*** Block opens ***

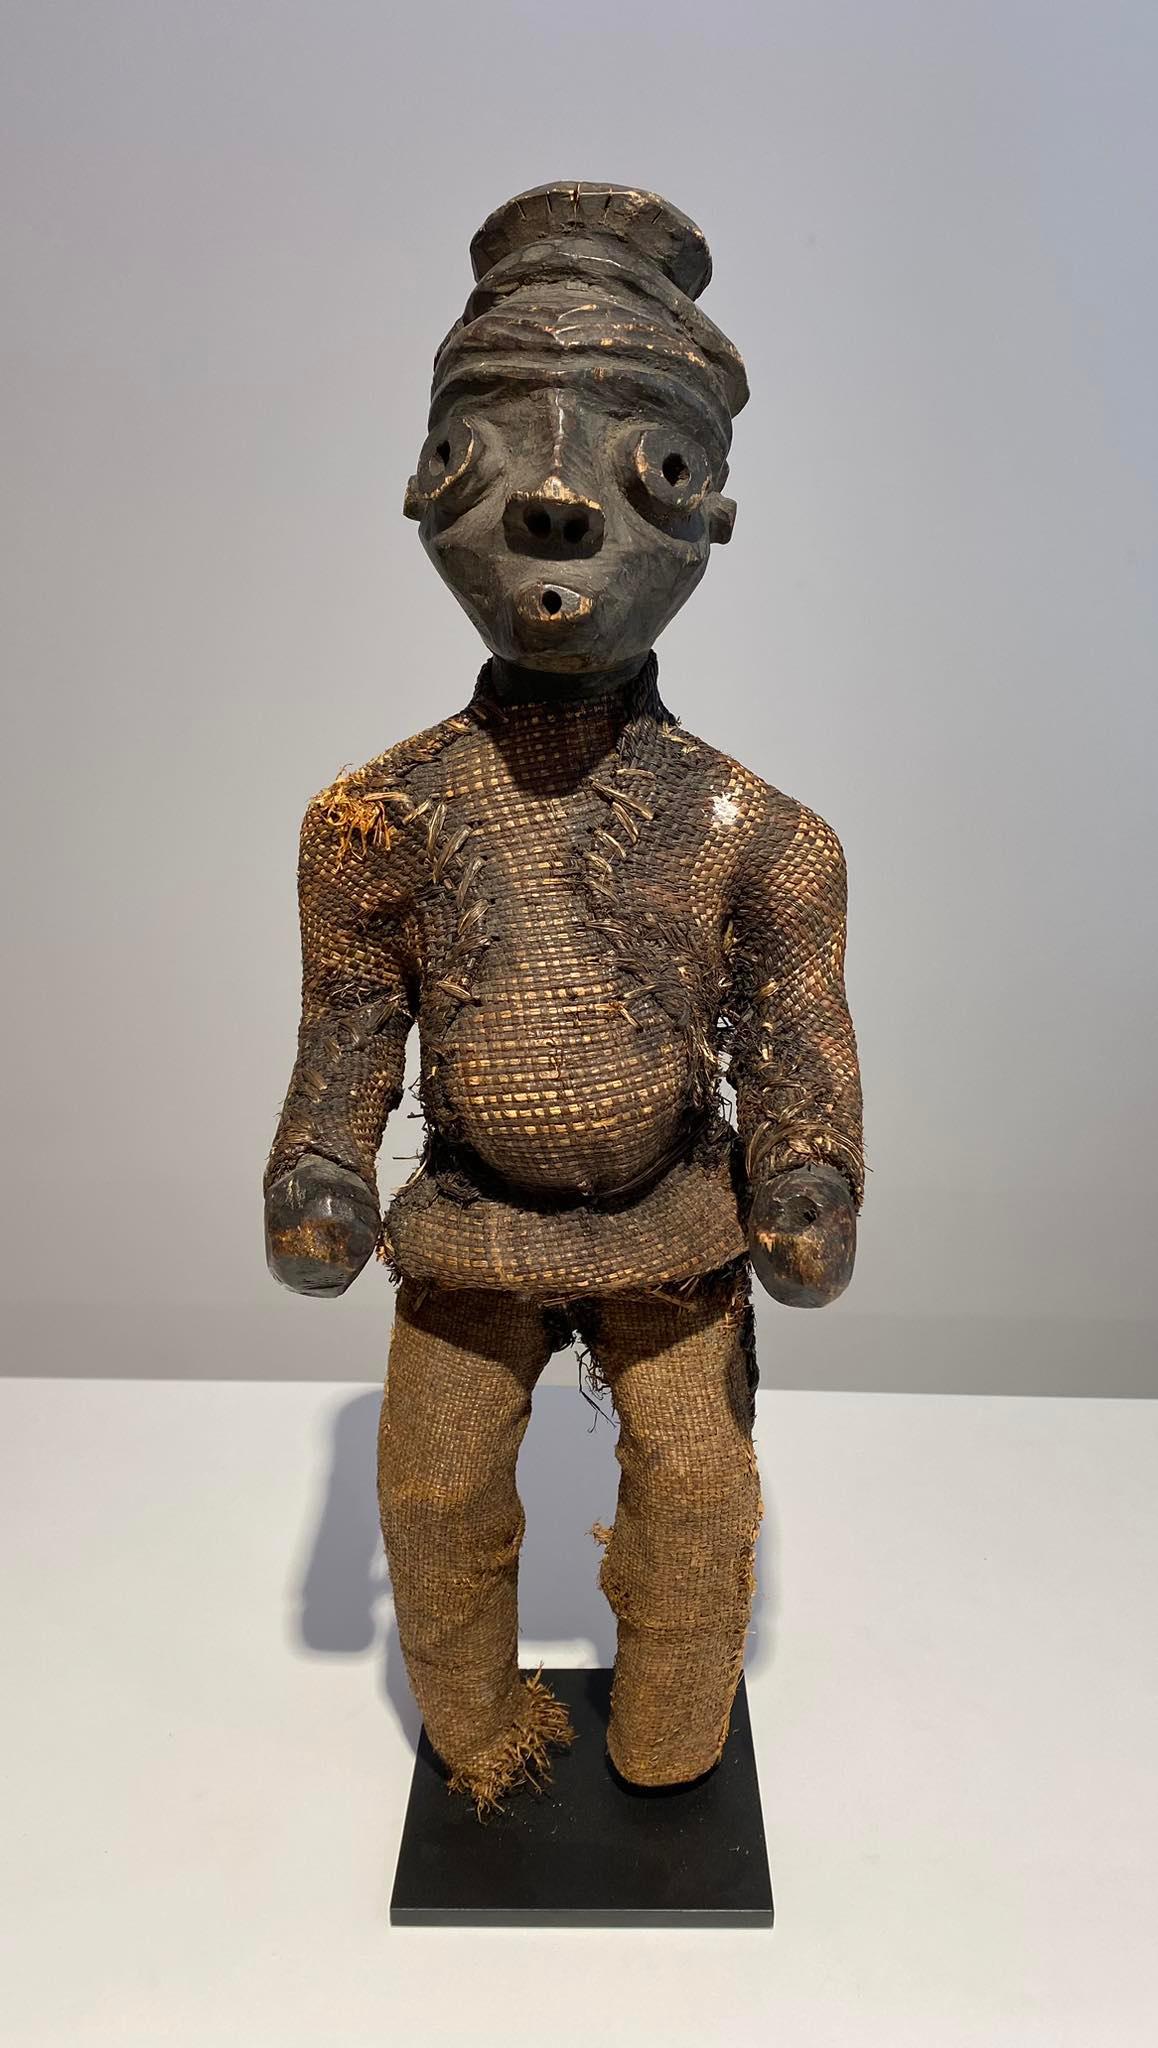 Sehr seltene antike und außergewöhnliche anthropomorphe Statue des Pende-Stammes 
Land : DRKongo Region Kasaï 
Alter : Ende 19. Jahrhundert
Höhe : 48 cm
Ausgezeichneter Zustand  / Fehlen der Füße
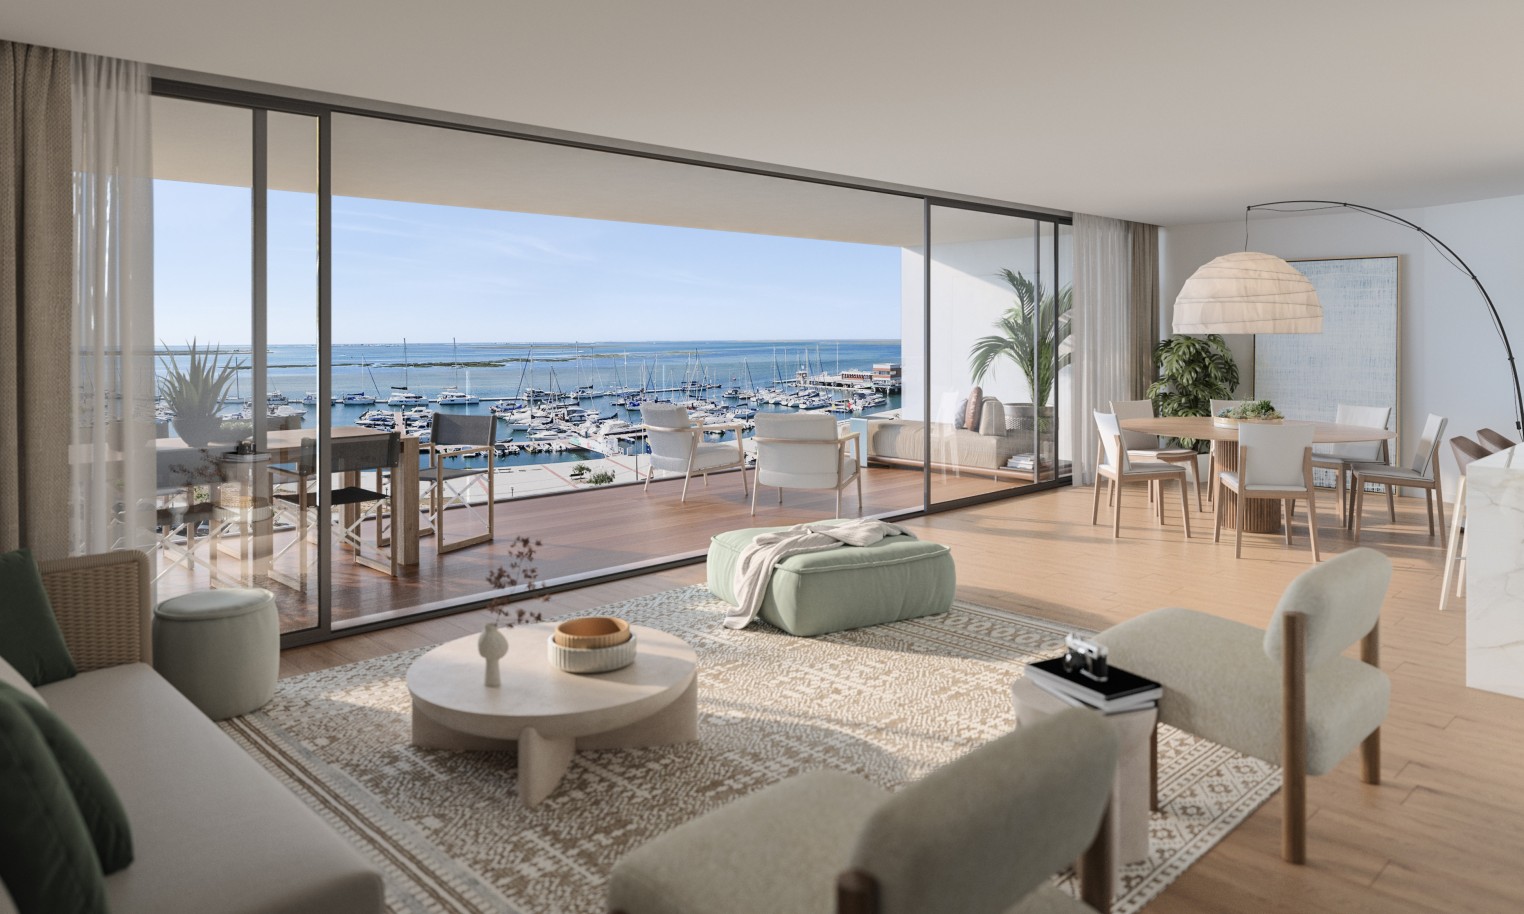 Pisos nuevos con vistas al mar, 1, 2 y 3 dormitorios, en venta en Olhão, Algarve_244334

*** Block closes ***

* Problem requirements
Omit the pictures, then quote the rest of the material above exactly.

* Response below
 Sehr seltene antike und außergewöhnliche anthropomorphe Statue des Pende-Stammes 
Land : DRKongo Region Kasaï 
Alter : Ende 19. Jahrhundert
Höhe : 48 cm
Ausgezeichneter Zustand  / Fehlen der Füße
 Pisos nuevos con vistas al mar, 1, 2 y 3 dormitorios, en venta en Olhão, Algarve_244334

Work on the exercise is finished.